Values Statement

September 2021 (Version 1)

Gender Equity Policy (GEP) Analysis Project – Values Statement

The GEP project values express what we believe is important in how we work on the project and engage with each other and external stakeholders. Our values motivate and guide our decision-making and help us to determine our priorities. They relate to the intended outcomes of the GEP project as well as the actions we will take to reach these goals.  We understand values as dynamic, which means they may evolve during the research process. We also understand them as recursive, which means we will continually reflect upon them to ensure our actions (what we do) mirror our motivations (what we ought to do). Our values are based on an intersectional understanding of gender equity and are embedded across all areas of project activity.

In some instances, actions that correspond to one of our values may contradict another value. We therefore may need to prioritise some values over others. Rather than being read as a checklist, our values statement is best understood as guidance for action.

The GEP project has four core values:

  • Accountability – our work does not happen in a vacuum but in interaction with a range of others, inside and outside of academia. Central to our relationship with others is accountability: for example, we are accountable to those whose stories we tell; to each other as a project team; to other researchers and future users of our work. Inversely, the GEP project can also function as a tool to hold others to account and use findings to disrupt the status quo in the film industry.
  • Interconnectedness – a two-way relationship exists between ourselves and the focus of our research. We are implicated in what we seek to change, in terms of the assumptions we bring to our research and our immersion in the topic. Reflecting on our interconnectedness requires us to create opportunities for solidarity between and across different groups.
  • Willingness to share power – research is a political endeavour and we aim to redistribute resources and disperse power (as a means to bring knowledge into being) among individuals and organisations involved.
  • Responsibility – with our position in the academic and industry landscapes comes a responsibility to use our power for good. Knowledge produced by the project should uplift and strengthen the work of others who address gender inequity and make solutions visible.

These core values inform our practice across four areas of project activity:

Communication and engagement: how do we share knowledge with the wider world?

The GEP project will communicate with a diverse range of people using different formats and mediums. As an international team working across multiple locations, cultures and languages we actively listen and learn from one another, and create space where misunderstandings are constructively resolved. We use accessible language and are transparent about the limitations of our knowledge. We share knowledge in ways that maximise impact, strengthens and empower others, and mobilises individuals, groups and communities to take action.

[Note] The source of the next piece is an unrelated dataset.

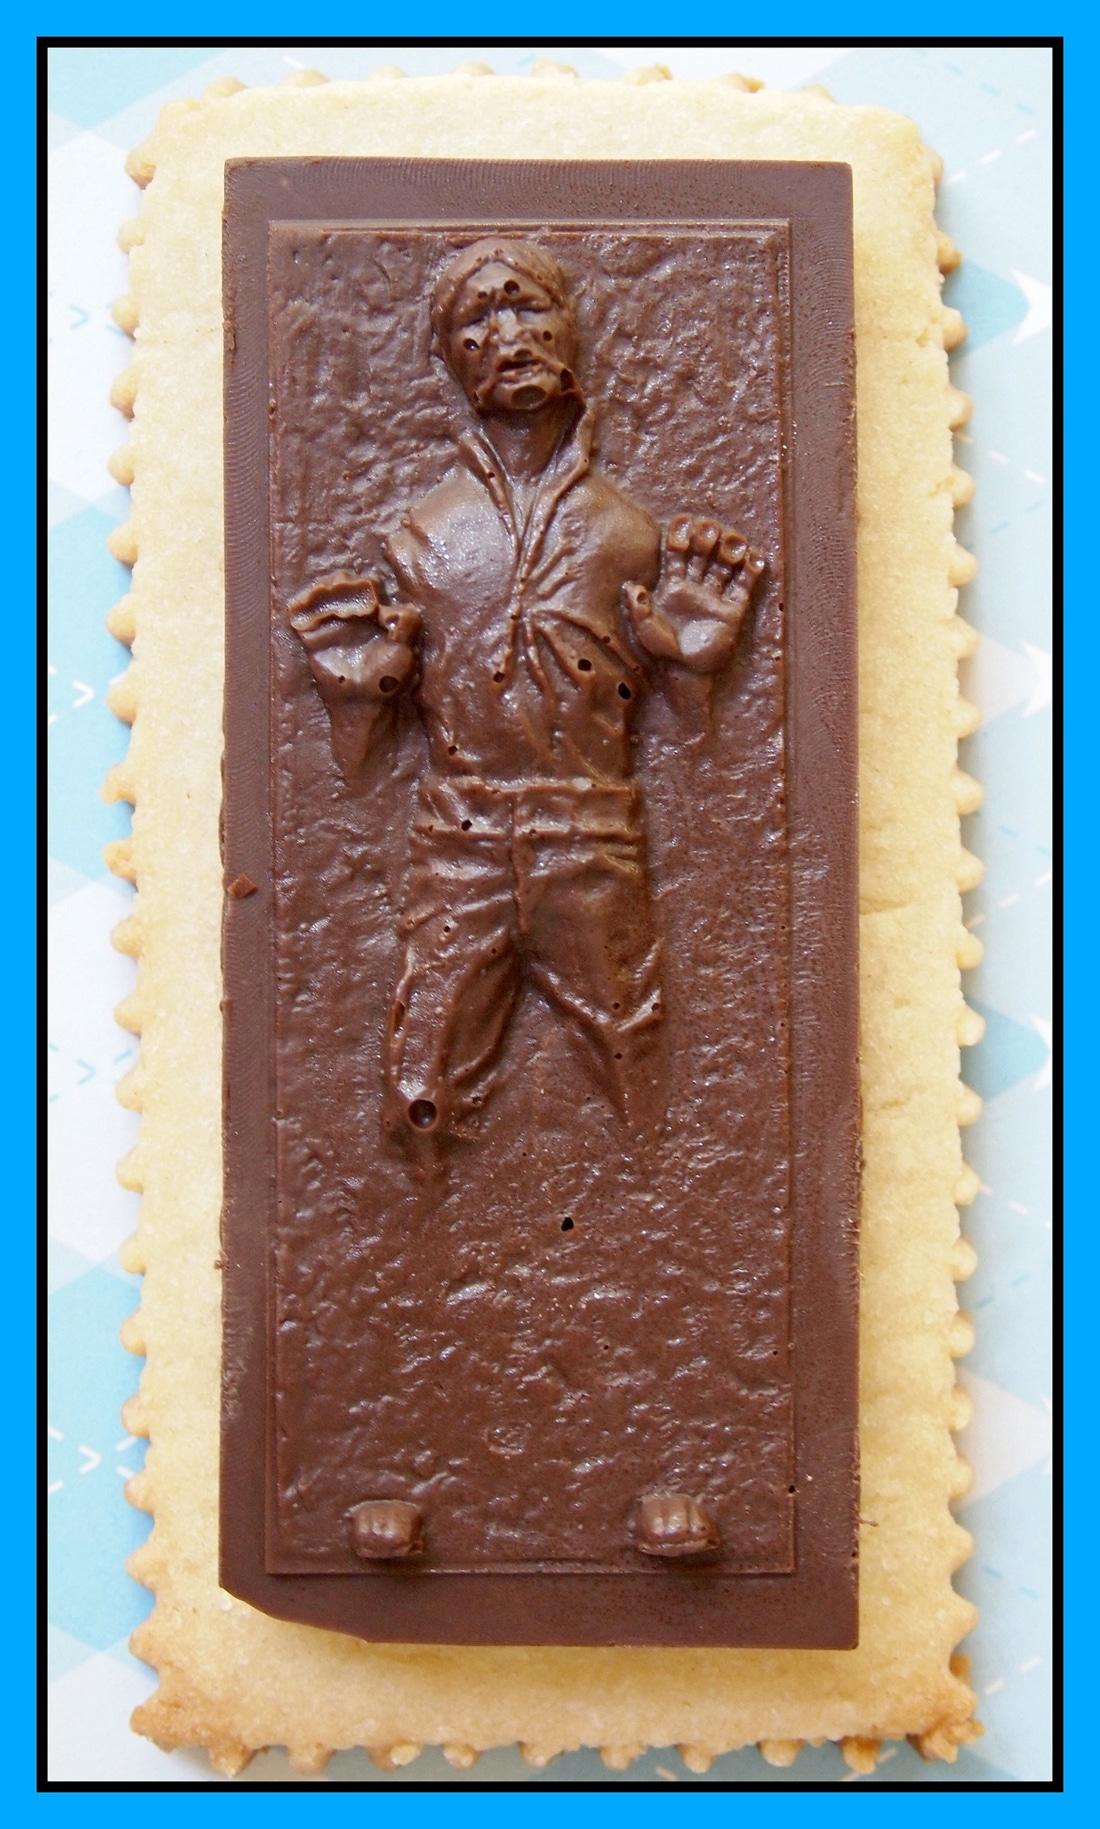 Han Solo In Carbonite Chocolate Sugar Cookies

Recognition: where do we find knowledge and how do we recognise the work of others?

The GEP project invites and collects knowledge from a diversity of voices. We recognise that opportunities to produce and contribute knowledge are unequally distributed, requiring us to be generous and proactively respond to barriers and challenges that arise from exclusionary power structures. We foreground the voices of those with greatest proximity to the issue under investigation. Our interactions with others are non-exploitative and we meaningfully recognise, reward and value people’s labour. Our representation of the lives and experiences of others will never present a complete picture, we therefore value feedback on our work.

Rigour: how do we ensure the knowledge we produce is reliable, robust and improves academic practice?

The GEP project is based on academic principles that promote ethical and robust scholarship. While building on what has come before, we have the courage to critically interrogate assumptions and propose new ways to understand and address the problem of gender inequity in the film industry. We proactively invite project team members and externals to scrutinise our work and constructively engage with their feedback. We recognise our responsibility to produce work that empowers the next generation to do better.

Team relations: how do we engage with other team members on the project?

As academics and professionals, we oppose confrontational working cultures. Relations between project team members are built on a foundation of fairness and respect. We foster a culture where team members enjoy working with each other, feel able to make themselves vulnerable and – in turn – feel uplifted by the team and receive reciprocal moral support. When issues are voiced, they are expressed constructively with an eye to productive solutions.

The GEP project team will review our values statement every six months. This review will enable us to reflect upon what we are doing, assess whether our values align with our actions and agree on any changes to our values.